Seven Taliban attackers wearing
bomb vests cut through a wire fence to gain entry to the school, before
launching an attack on an auditorium where children were taking an exam.
Gunmen
then went from room to room at the military-run school, shooting pupils and
teachers where they found them in a siege that lasted eight hours, survivors
say.
A total
of 125 people were wounded at Peshawar's Army Public
School, which teaches boys and girls from both military and
civilian backgrounds. All seven attackers were killed, while hundreds of people
were evacuated.
Mohammad Hilal, a student in
the 10th grade, was shot three times in his arm and legs when the gunmen stormed the school
auditorium.
"I
think I passed out for a while. I thought I was dreaming. I wanted to move but
felt paralysed. Then I came to and realised that actually two other boys had
fallen on me. Both of them were dead," he told the BBC.
Zulfiqar
Ahmad, 45, the head of the mathematics department who was shot four times
during the attack told the BBC he did not believe any of the 18 students in his
class had survived.
The
victims are also being mourned elsewhere, with India's parliament observing a
minute's silence in their honour.
India's
Prime Minister Narendra Modi offered his country's "deepest
condolences".
Pakistani embassies
worldwide have lowered their flags to half-mast and opened books of condolences.

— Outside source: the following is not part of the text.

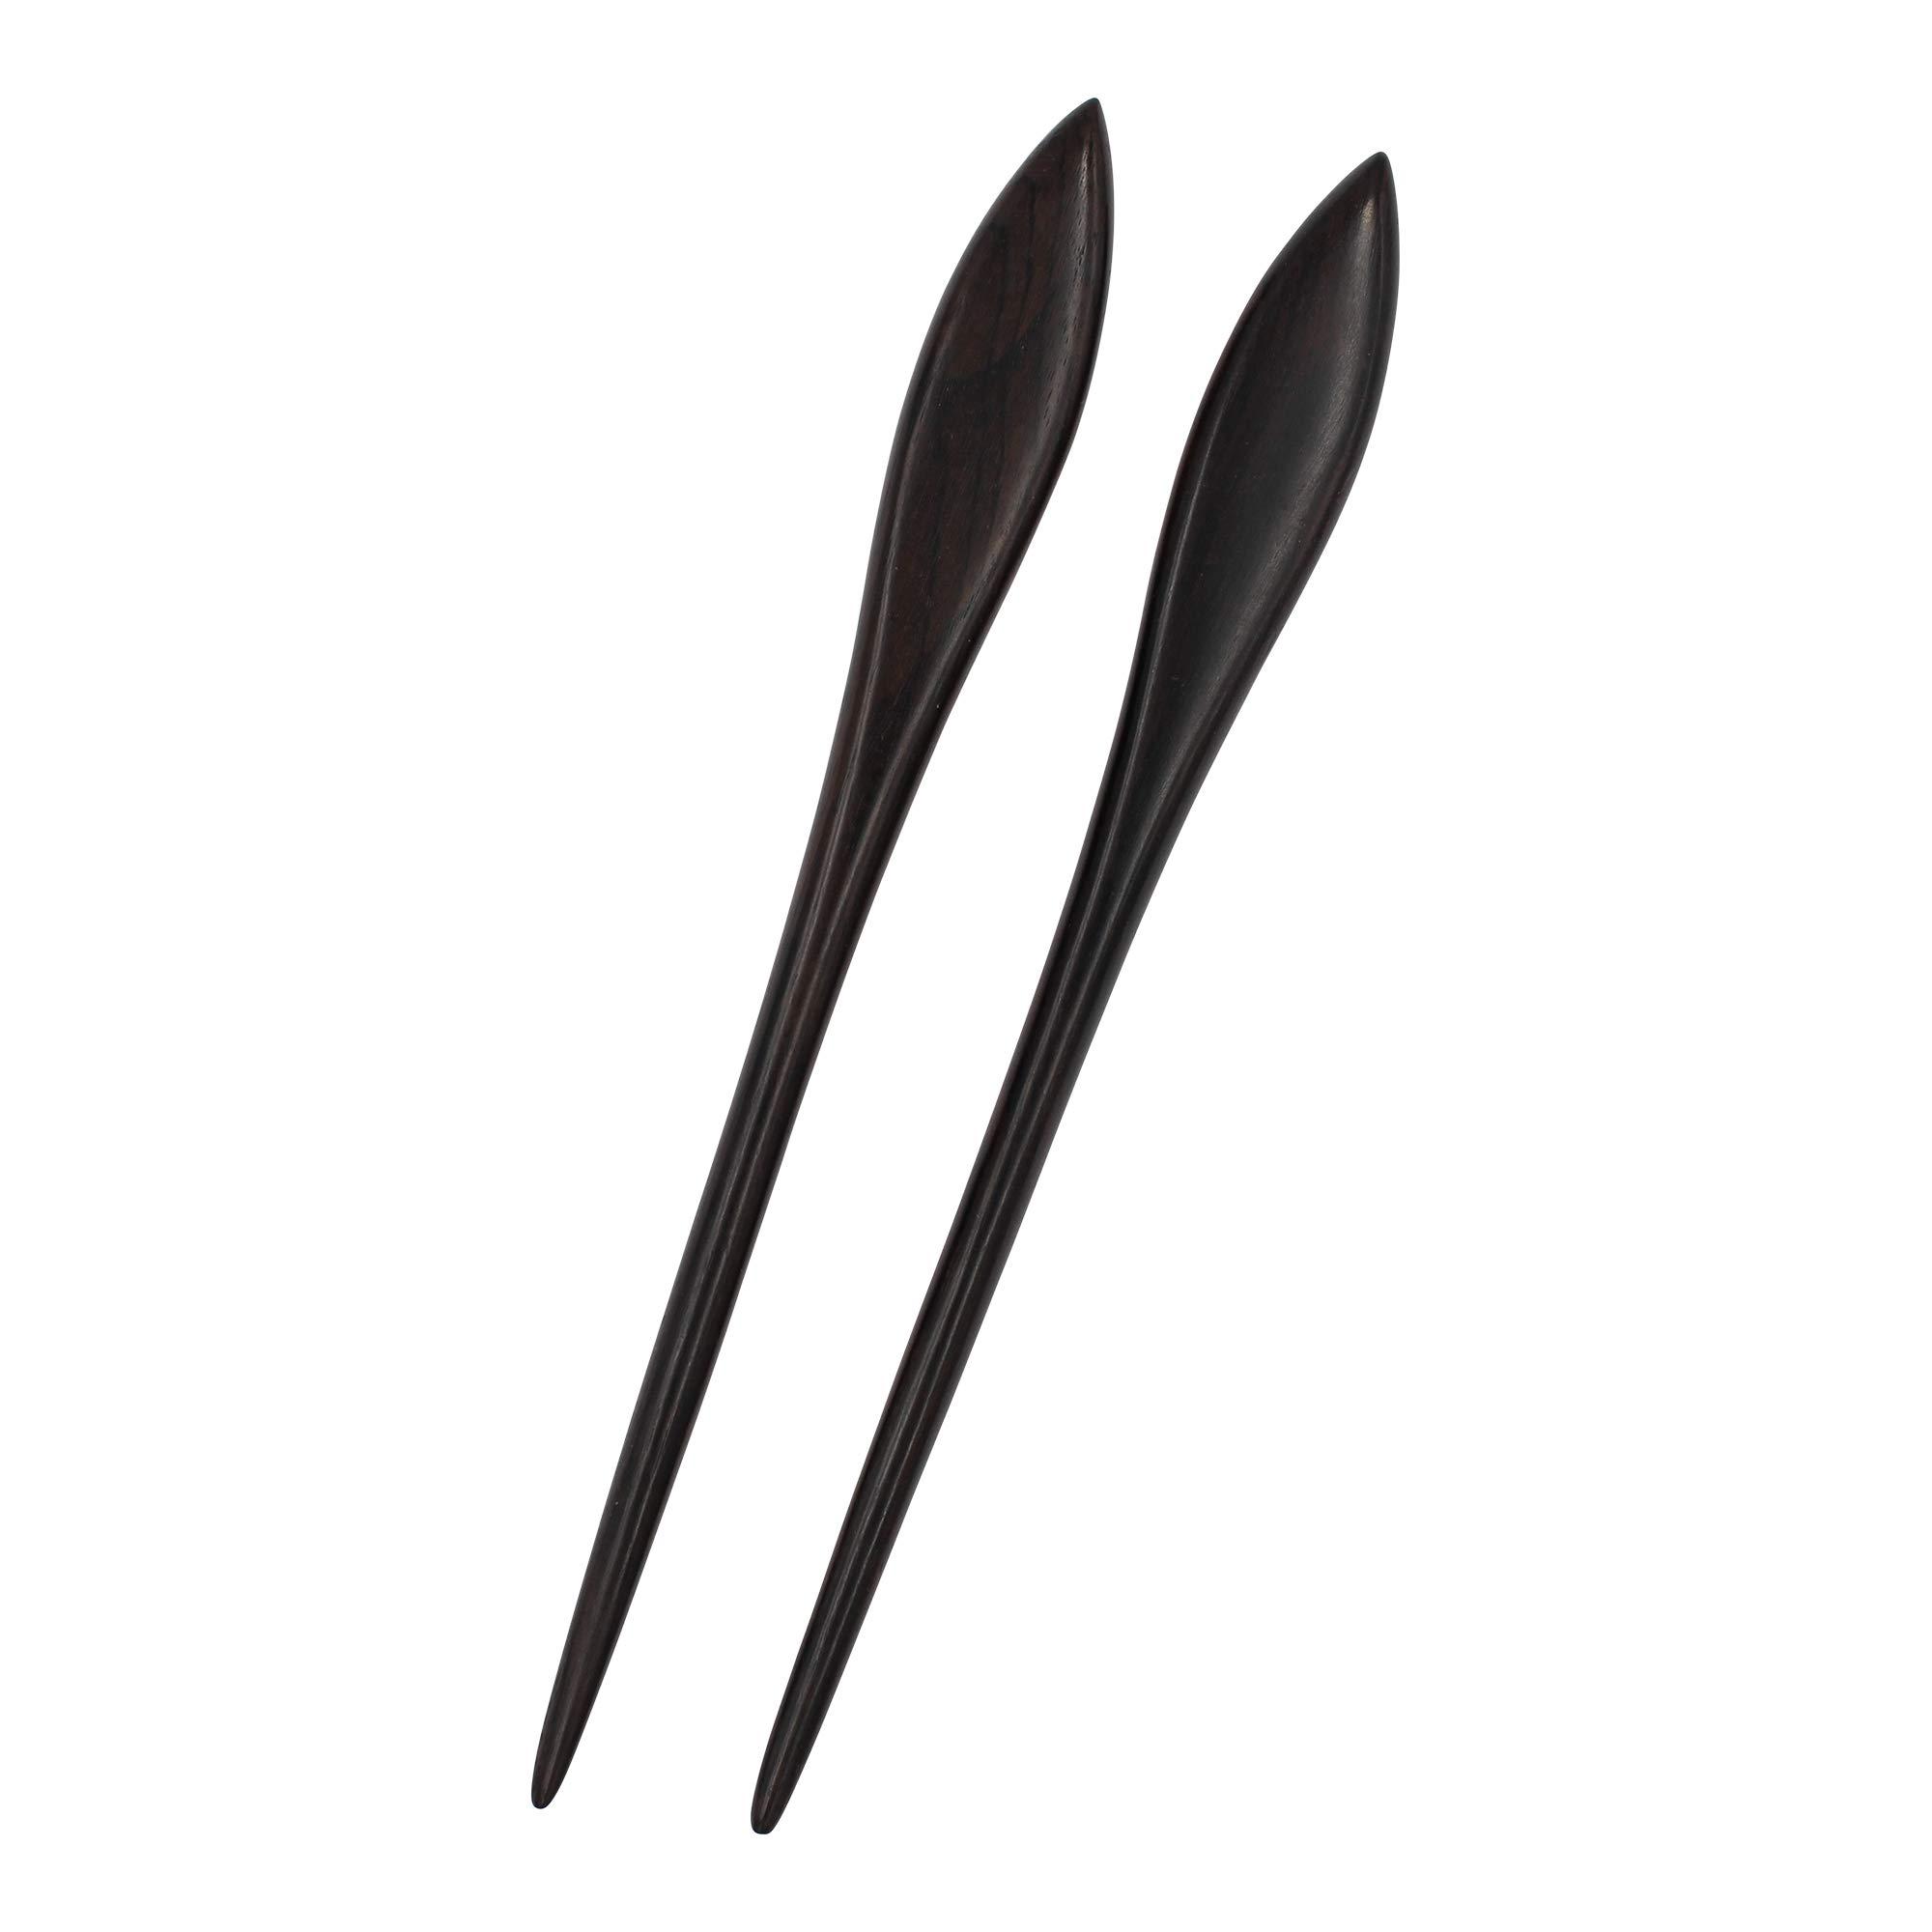 REAL SIC - Natural Sandalwood Hair Sticks for Women - Set of 2 - Sustainable Retro Boho Fashion Chopsticks/Wood Hair Pins for Long Hair (Paddle)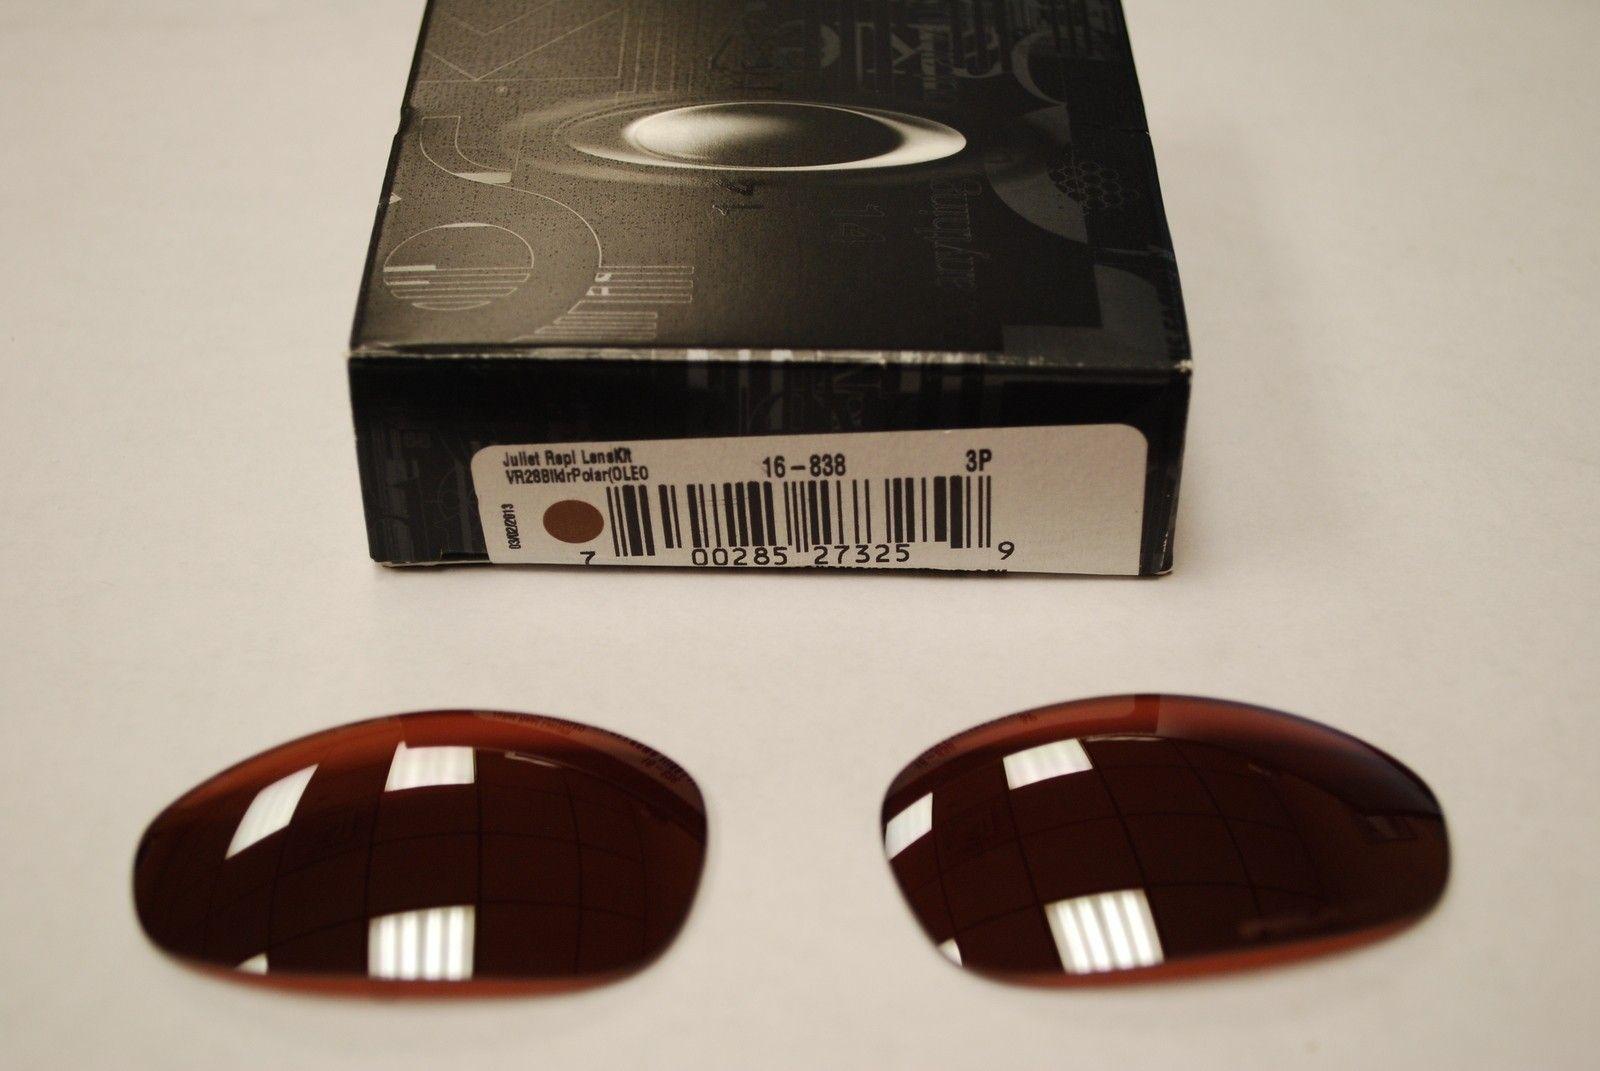 Lenses and rubbers, Ducati, Penny VR28 & more - DSC_0706.JPG

16 December 2014: Taliban attack on school in
Peshawar leaves at least 141 people dead, 132 of them children
22
September 2013: Militants
linked to the Taliban kill at least 80 people at
a church in Peshawar, in one of the worst attacks on Christians
10
January 2013: Militant
bombers target the Hazara Shia Muslim minority in the city of Quetta, killing 120 at
a snooker hall and on a street
28 May
2010: Gunmen
attack two mosques of the minority Ahmadi Islamic sect in Lahore, killing more
than 80 people
18
October 2007: Twin
bomb attack at a rally for Benazir Bhutto in Karachi leaves at least 130 dead. Unclear if Taliban
behind attack
In Afghanistan itself,
the local Taliban described the school attack as un-Islamic and said they were
sending condolences to the families of the victims.
The Afghan Taliban are
currently stepping up their own attacks in Afghanistan and share roots with the
Pakistani Taliban and usually share the same ideology too, the BBC's Mike
Wooldridge reports from Kabul.
Hundreds of Taliban
fighters are thought to have died in the recent Pakistan army offensive in the
Khyber area and North Waziristan, regions close to the Afghan border.